Materials provided:
——
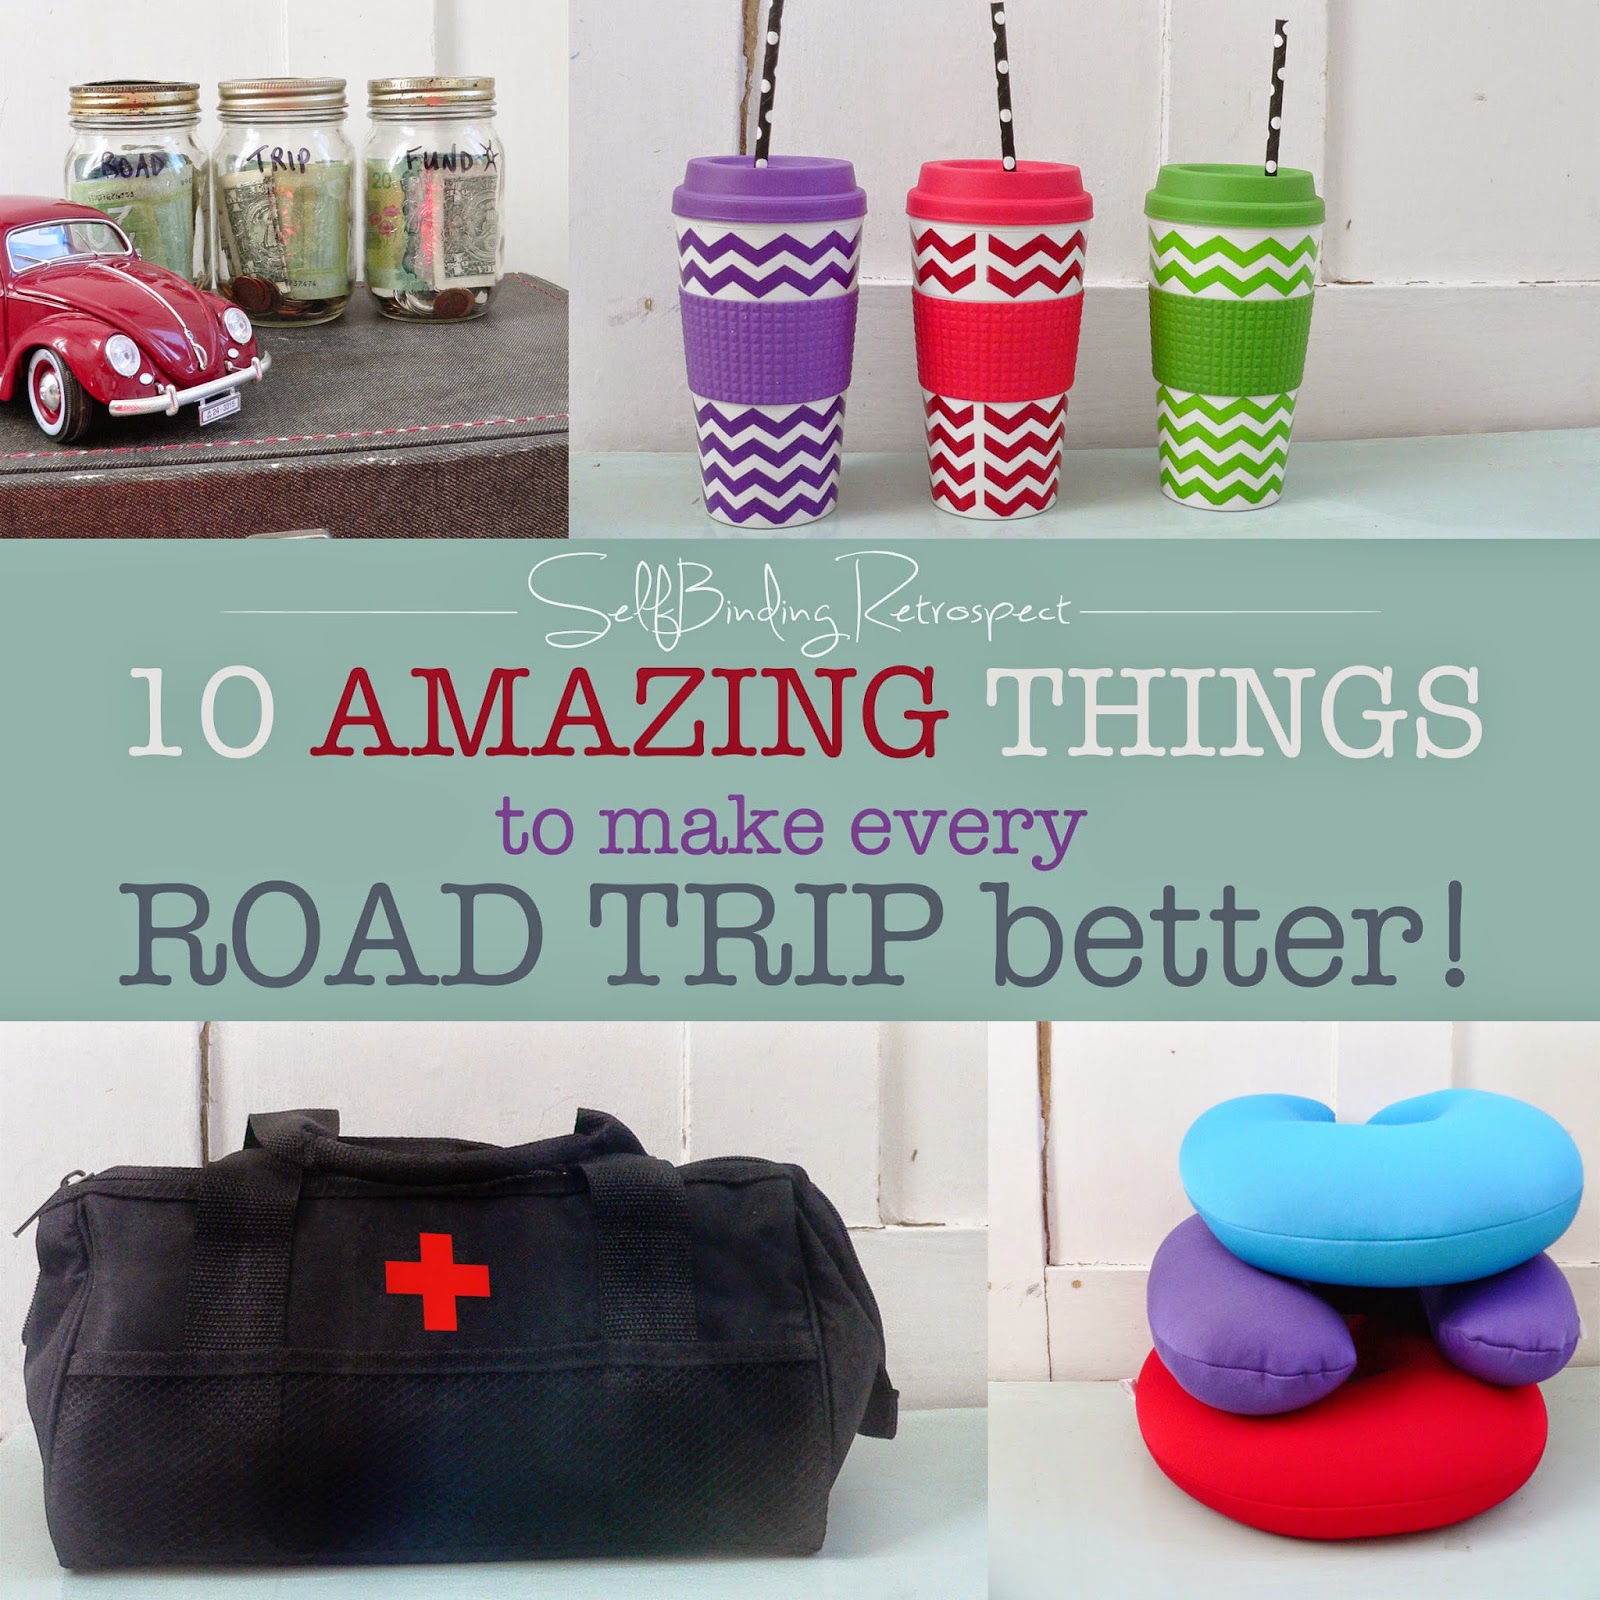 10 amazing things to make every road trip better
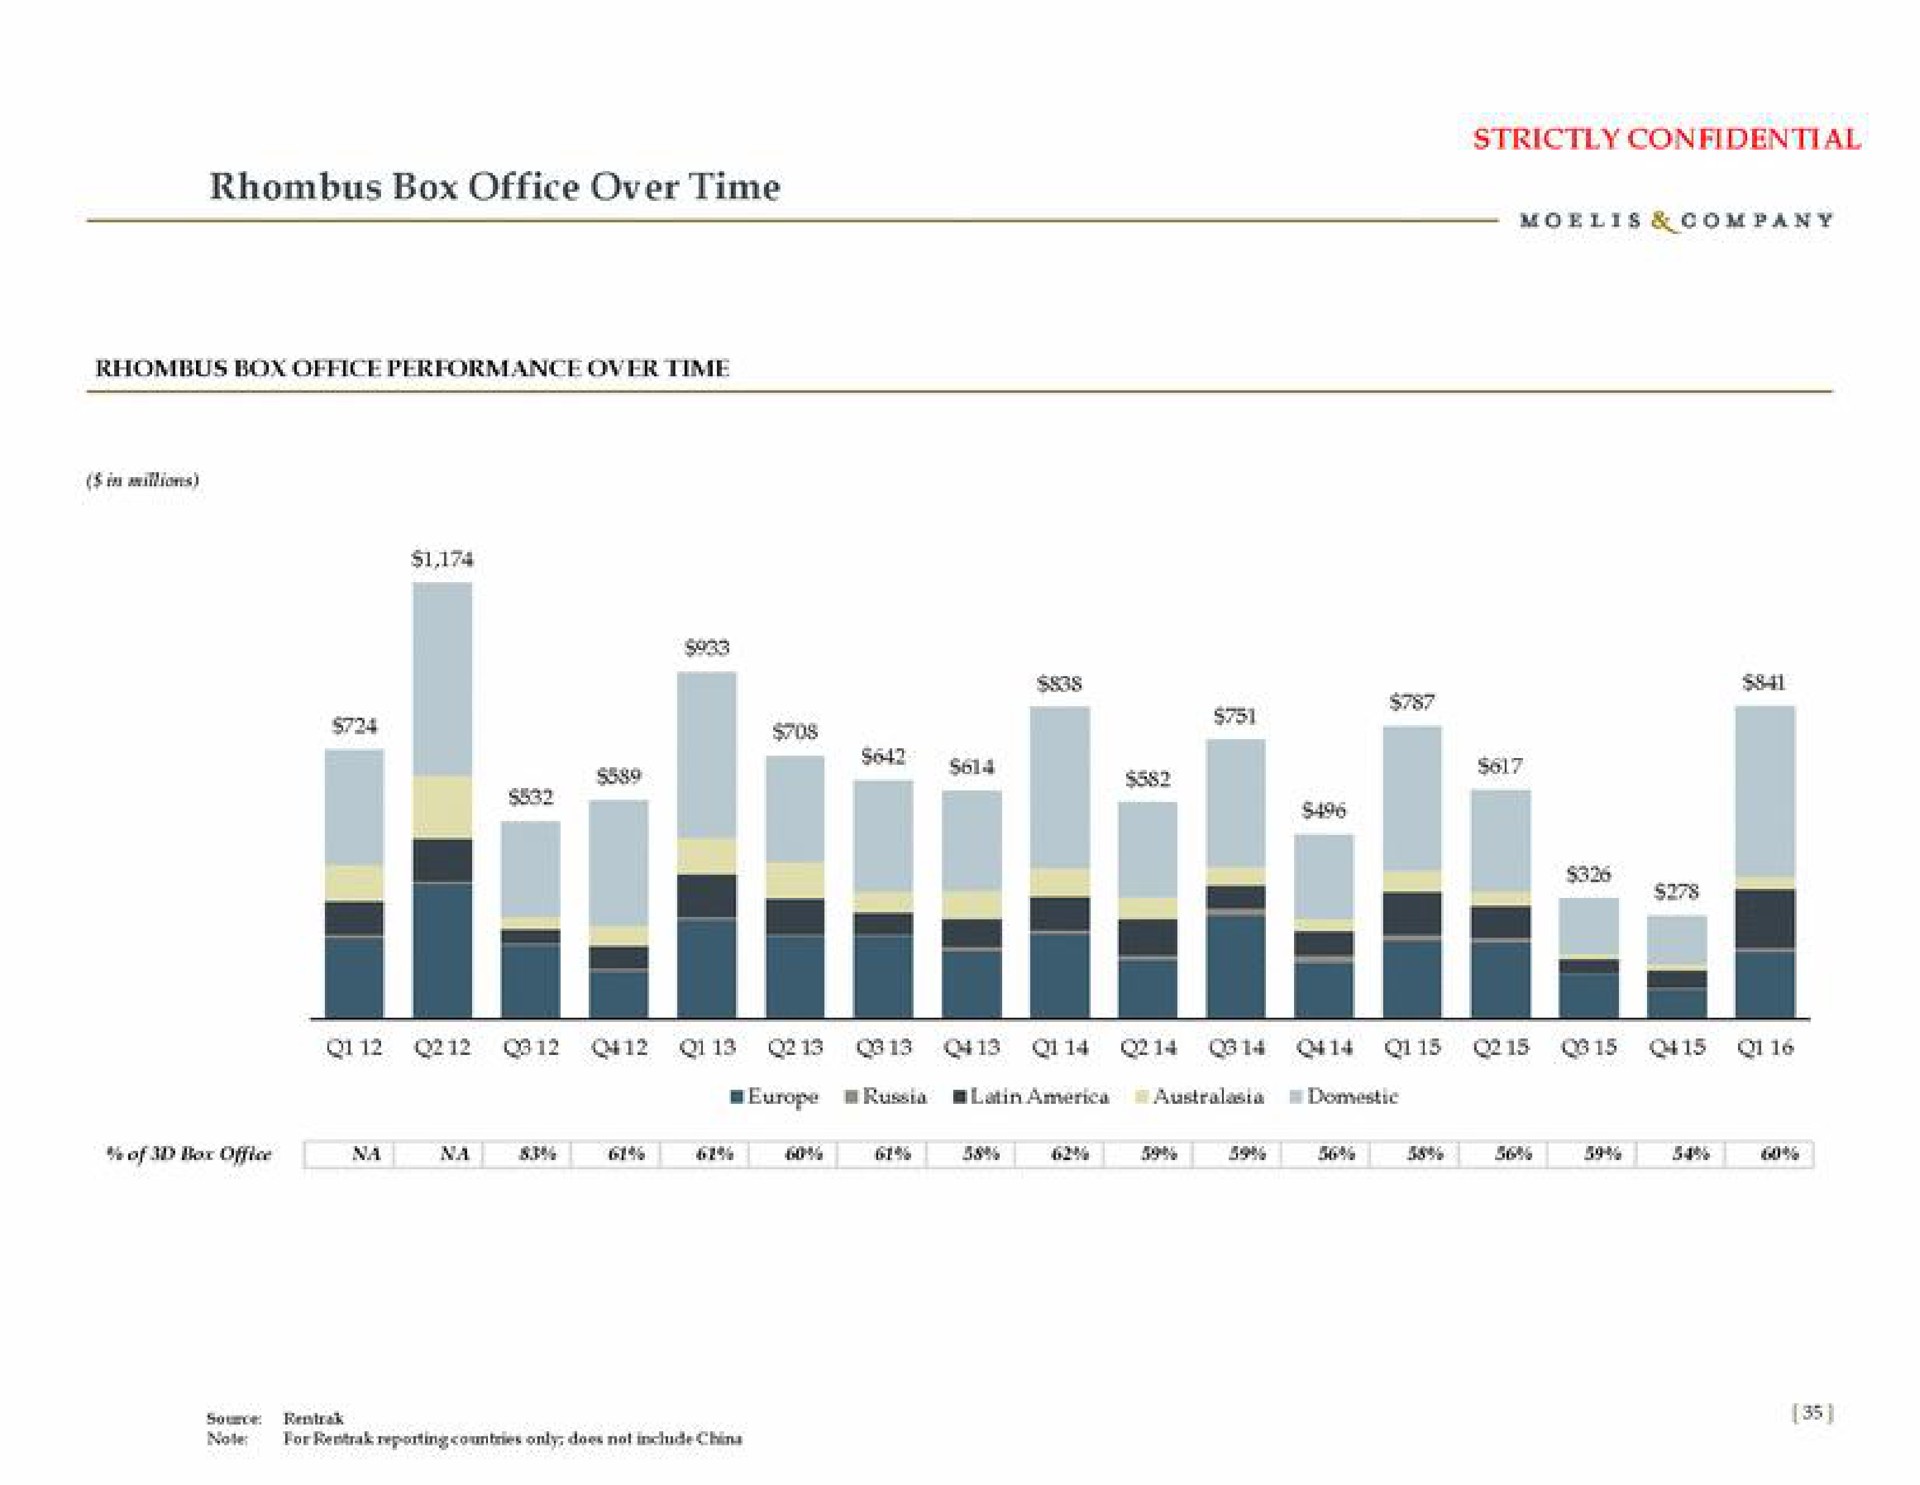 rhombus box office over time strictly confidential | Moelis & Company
——
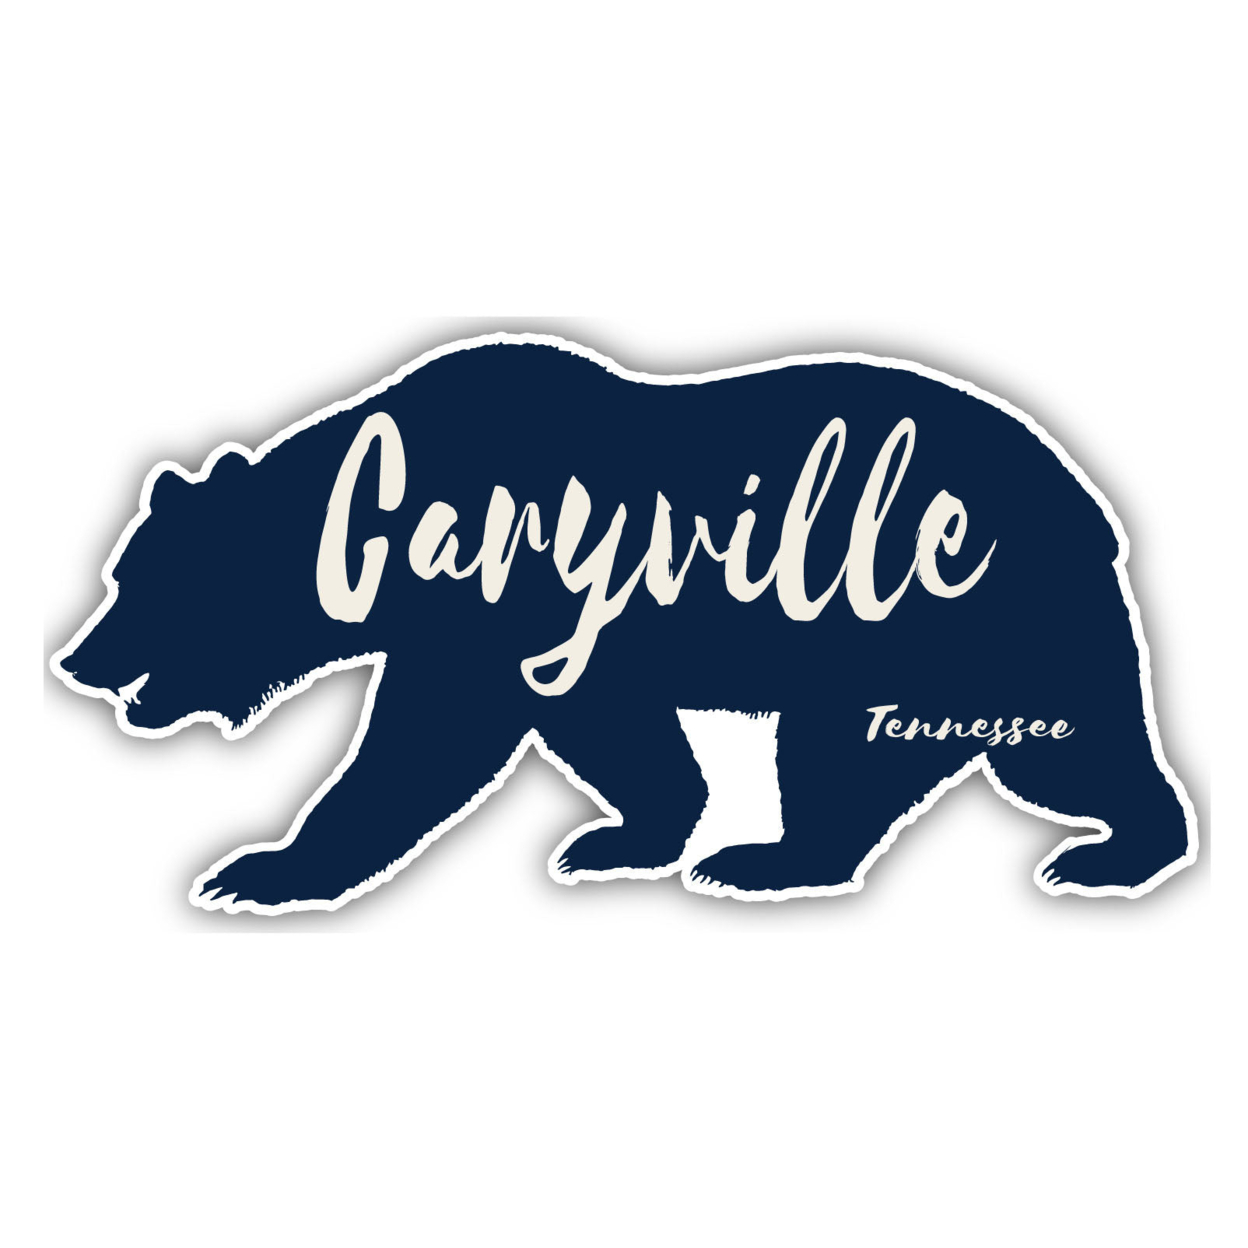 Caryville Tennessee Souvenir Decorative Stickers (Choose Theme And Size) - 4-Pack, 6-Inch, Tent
——
Task prompt: In the records above, find the line with "10 amazing things". Print exactly from there through the line with "rhombus box office", minus the pictures.

The completed task:
 10 amazing things to make every road trip better
 rhombus box office over time strictly confidential | Moelis & Company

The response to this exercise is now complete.